On 04/30/2014 02:15 PM, Jeff Layton wrote:
> On Wed, 30 Apr 2014 12:50:23 +0200
> "Michael Kerrisk (man-pages)" <[email protected]> wrote:
[...]
>> # The record locks described above are associated with the process
>> # (unlike the open file description locks described below). This
>> # has some unfortunate consequences:
>>
>> # * If a process holding a lock on a file closes any file descrip‐
>> # tor referring to the file, then all of the process's locks on
>> # the file are released, no matter which file descriptor they
>> # were obtained via. This is bad: it means that a process can
>
> "were obtained via" is a little awkward. How about "regardless of which
> file descriptor on which they were obtained".

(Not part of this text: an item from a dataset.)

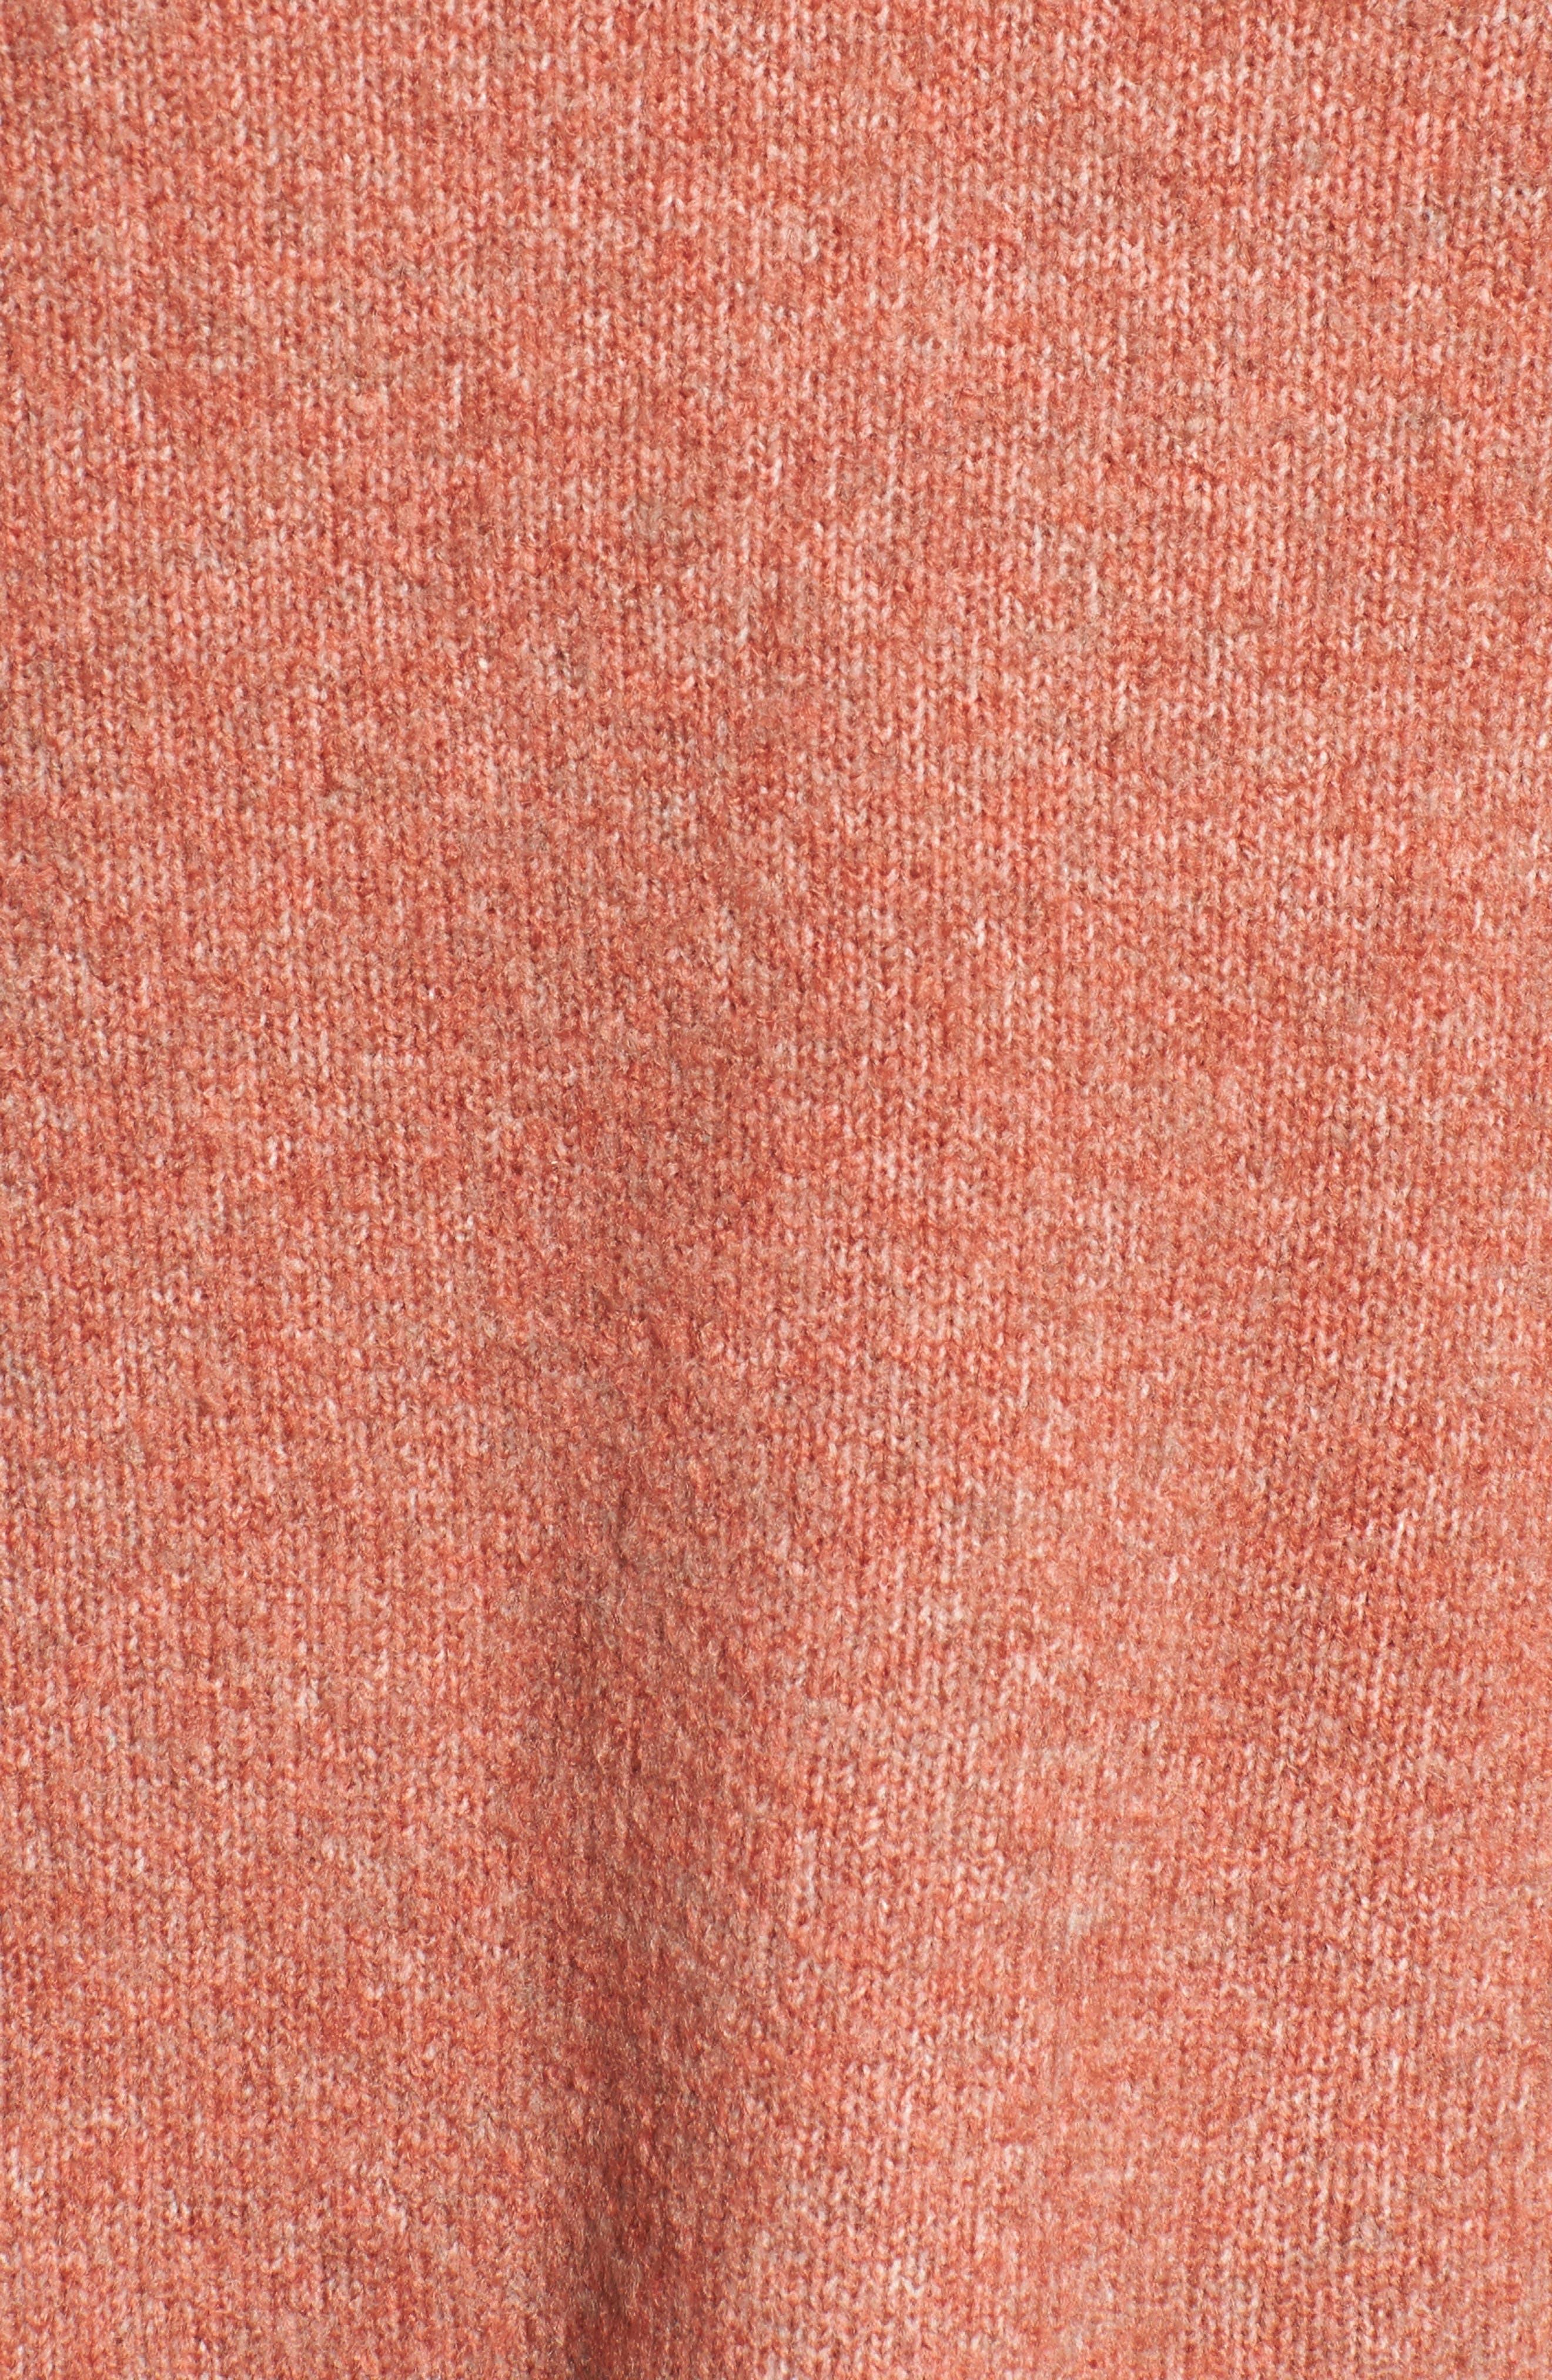 Bell Sleeve Sweater,                             Alternate thumbnail 4, color,                             Coral Rose Tea Rainbow Multi
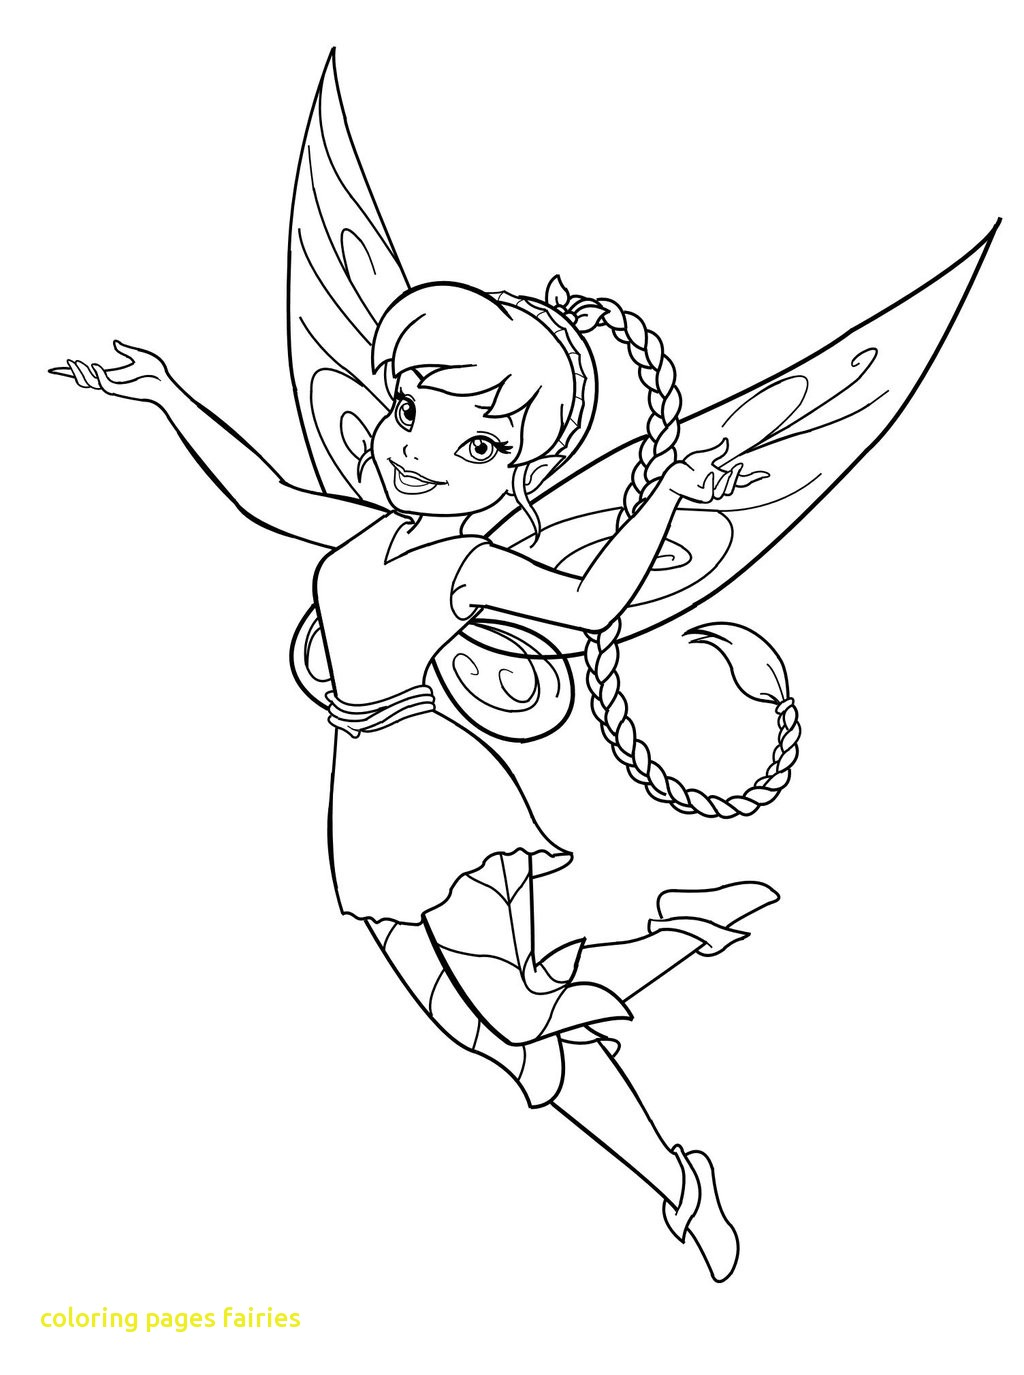 Silvermist Drawing

Yeah, it is clumsy. I fixed, and also otherwise made the text more
precise/concise:
* If a process closes any file descriptor referring to a file,
then all of the process's locks on that file are released,
regardless of the file descriptor(s) on which the locks were
obtained.
[...]
>> ERRORS
>> [...]
>>
>> # EINVAL cmd is F_OFD_SETLK, F_OFD_SETLKW, or F_OFD_GETLK, and
>> # l_pid was not specified as zero.
>>
>
> The kernel will also return -EINVAL if it doesn't recognize the cmd
> value being passed in. It may be worth mentioning that as well as
> that's the best mechanism to tell whether the kernel actually supports
> OFD locks.
Good point. I added that error case under ERRORS, and added this text to
the top of the page:
Certain of the operations below are supported only since a par‐
ticular Linux kernel version. The preferred method of checking
whether the host kernel supports a aprticular operation is to
invoke fcntl() with the desired cmd value and then test whether
the call failed with EINVAL, indicating that the kernel does not
recognize this value.
==
And getting back to the missed piece:
>>>> The "EACCES or EAGAIN" thing comes from POSIX, because different
>>>> implementations of tradition record locks returned one of these errors.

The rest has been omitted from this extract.